Clinical Instruments

All psychiatric diagnoses at intake were evaluated using the KSADS-P/L (Kaufman et al., 1997). The severity of mood symptoms was evaluated at intake and each follow-up assessment with the 12-item KSADS Depression Rating Scale (DRS; Kaufman et al., 1997). The DRS items are meant to determine symptom severity during a period of time prescribed by the study (usually a 1-week period); the COBY study investigators chose to focus on the most severe week in the month prior to each assessment. The Intraclass Correlation Coefficients (ICC) for the DRS interrater reliability were 0.95 or higher. The DRS was also used to assess mood symptoms in the two days prior to CANTAB completion—with no indication that symptoms were associated with performance (Dickstein et al., 2016; Frías et al., 2017).

New onset comorbid psychiatric disorders were evaluated at each follow-up assessment using the Longitudinal Interval Follow-up Evaluation (LIFE) interview Psychiatric Status Ratings (PSR) (Keller, 1987), which are linked to DSM-IV criteria (APA, 2004). At each interview, there is a retrospective recall of weekly symptomatology from the previous interview to the current interview for each diagnosis, utilizing a calendar and several memory aids. Weekly medication use (stimulants, antidepressants, lithium or other anticonvulsive drugs) was also assessed across each follow-up period. See Supplemental Methods for more detail on medication assessment and reliability statistics of PSR ratings and KSADS diagnoses.
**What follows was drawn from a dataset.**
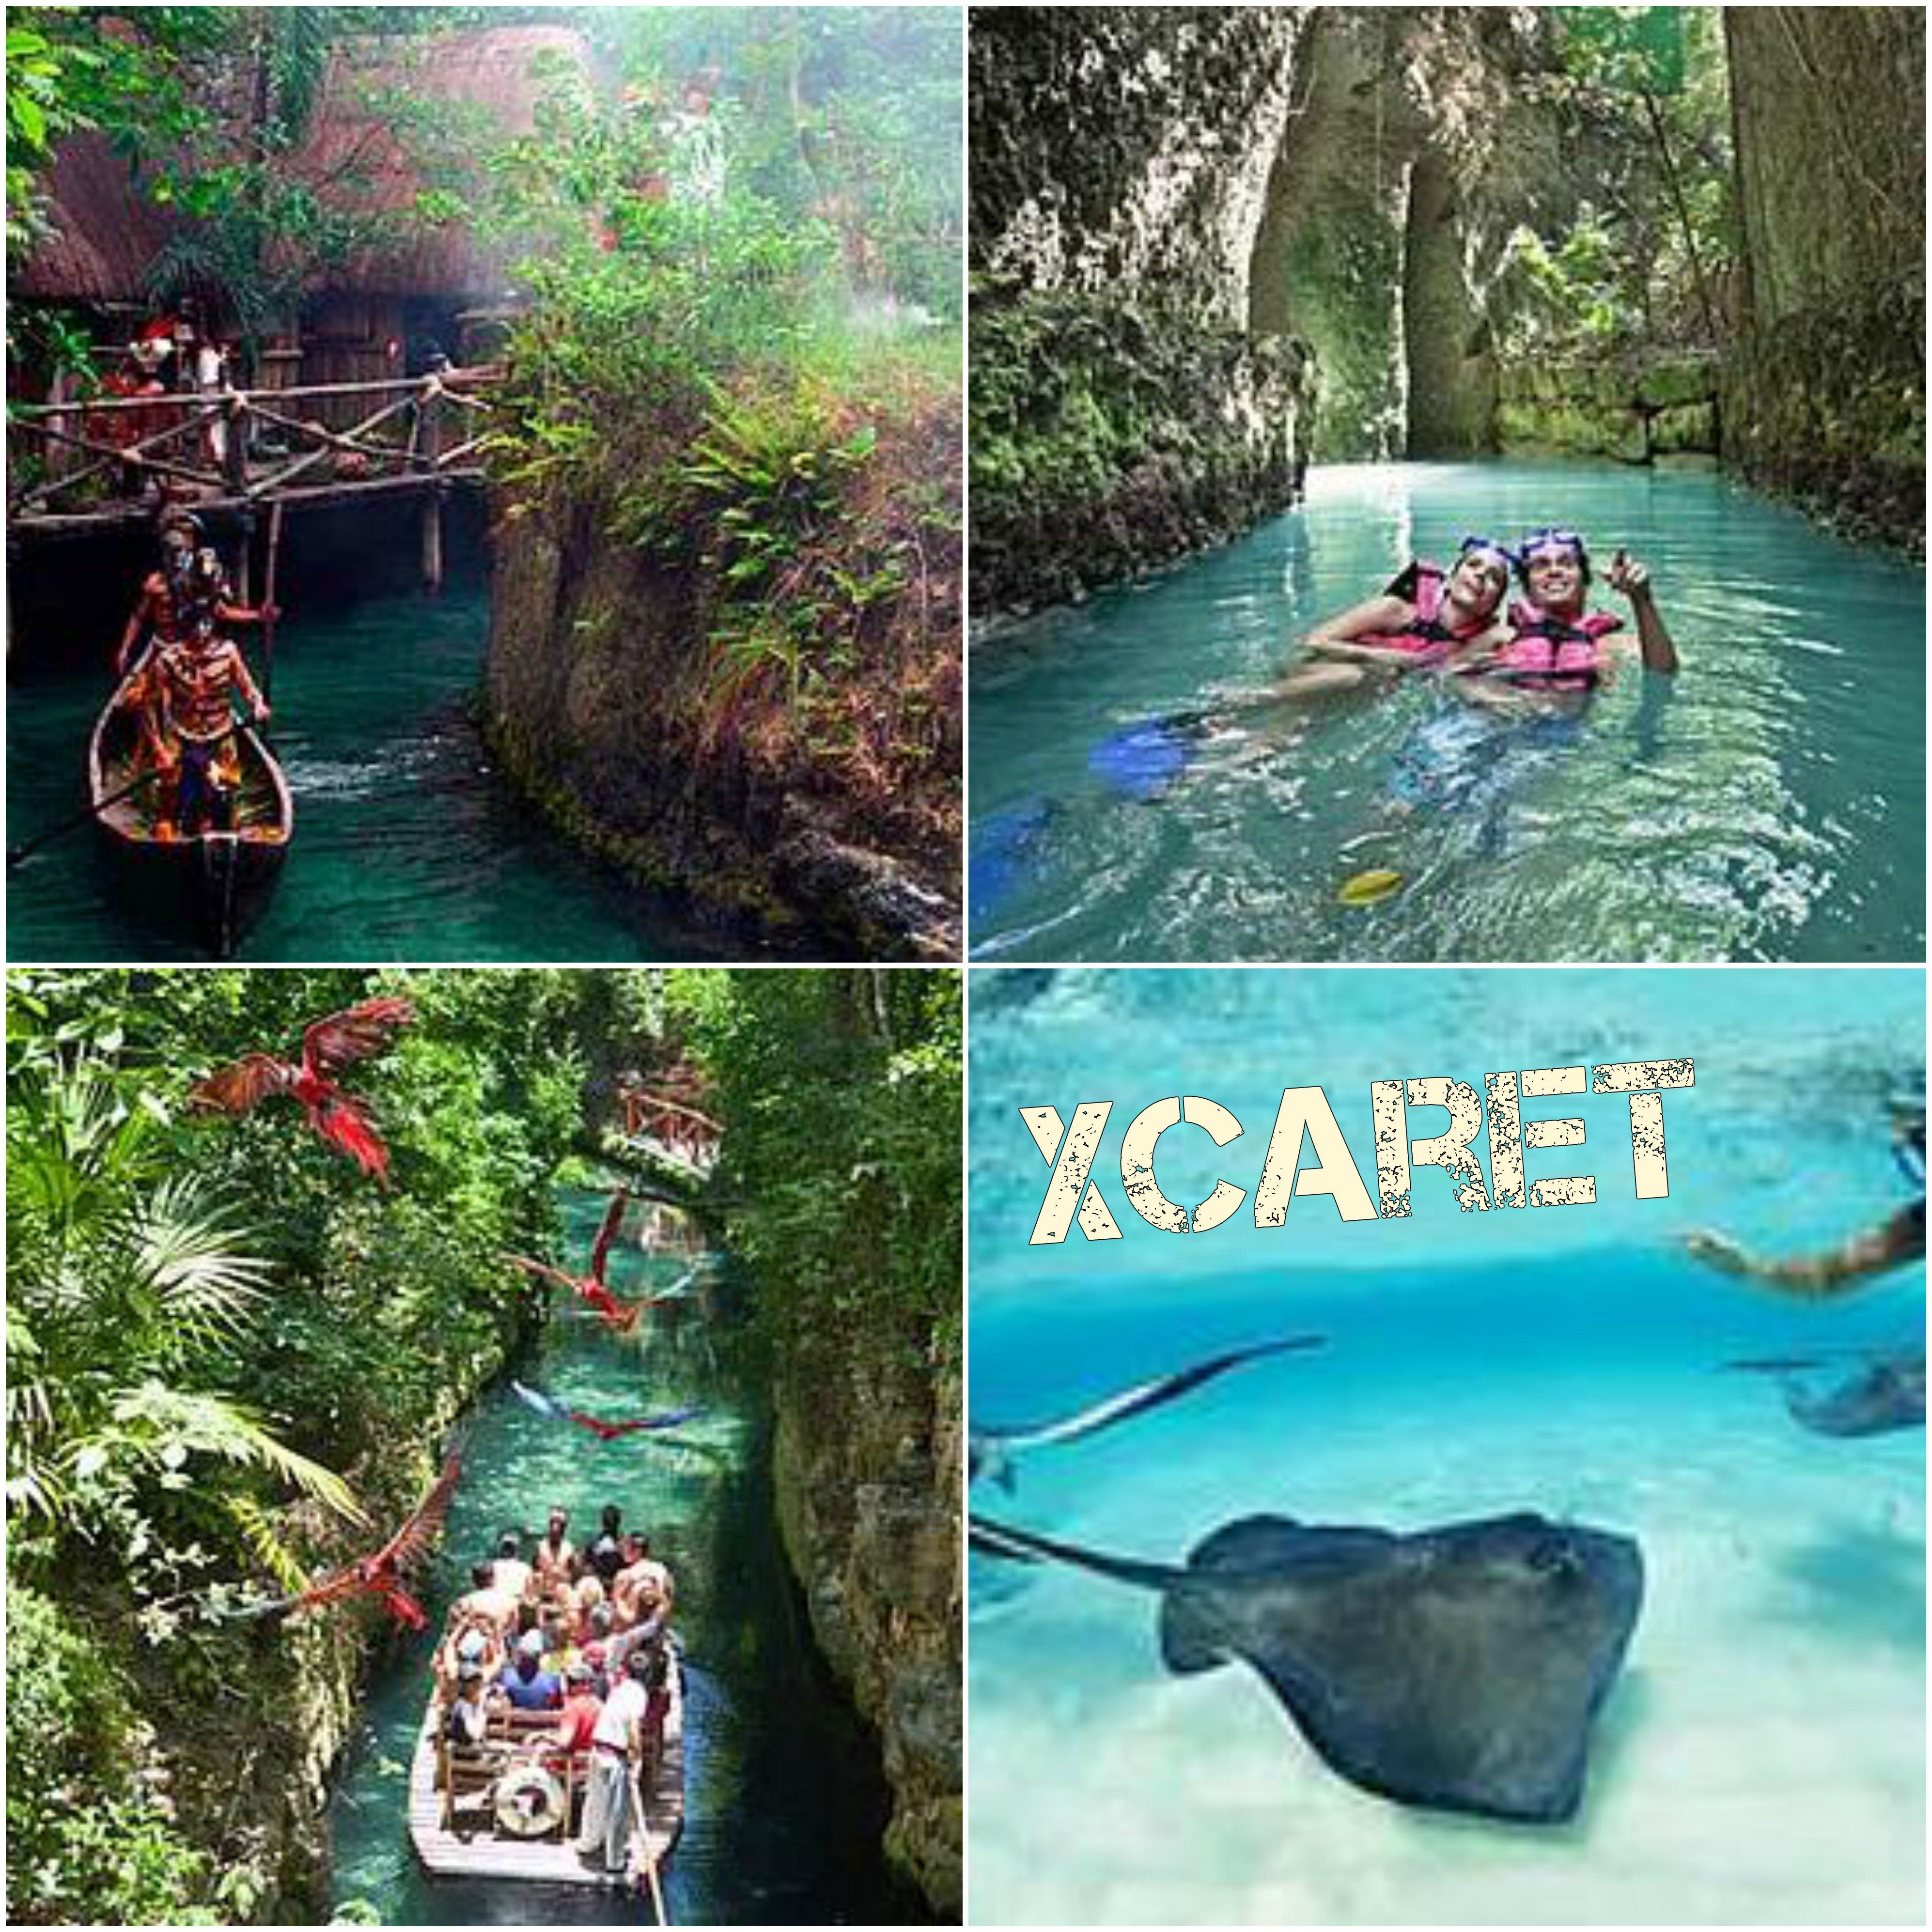 XCaret Park - Mexico

Participants’ history of childhood maltreatment (defined in the current study as physical or sexual abuse occurring prior to age 18) was assessed at intake and each follow-up using multiple measures. At intake, participants completed a medical history questionnaire and a traumatic event screening questionnaire from the KSADS PTSD section that explicitly asked about exposure to physical or sexual abuse. The Life Events Checklist (LEC; Johnson & McCutcheon, 1980), assessing negative life events (e.g., death of parent, serious illness/injury, incarceration) in the year prior to intake, was also administered with a single question assessing any additional negative life events that were not included in the checklist. This question was used as another source to capture sexual or physical abuse. At each follow-up, new onset maltreatment was assessed based on the traumatic event screener from the KSADS and the LEC item. Lifetime history of childhood maltreatment was operationalized as endorsement of physical or sexual abuse on any one of these measures at intake or any follow-up assessment.

Finally, family SES was assessed using the Hollingshead’s four-factor scale (Hollingshead, 1982) at intake, and at each follow-up assessment.

Cognitive Assessments

The CANTAB suite is one of the most widely used and extensively validated neuropsychological tests of multiple domains of cognitive function (Cambridge Cognition, 2006). For the present analysis, we included only the CANTAB sub-tests on which youths from COBY had previously shown poorer performance compared to typically developing peers (Dickstein et al., 2016). Given prior COBY research demonstrating stability of CANTAB scores over time (Frías et al., 2017), scores on each subtest were averaged within-person to create a single score for each individual (on each performance index) across each participant’s total number of assessments (range=1–6, mean=2.09). Prior to averaging the CANTAB scores, raw scores for each sub-test were z-scored based on normative data provided by Cambridge Cognition. The z-scores were used in calculations of individual person-mean scores.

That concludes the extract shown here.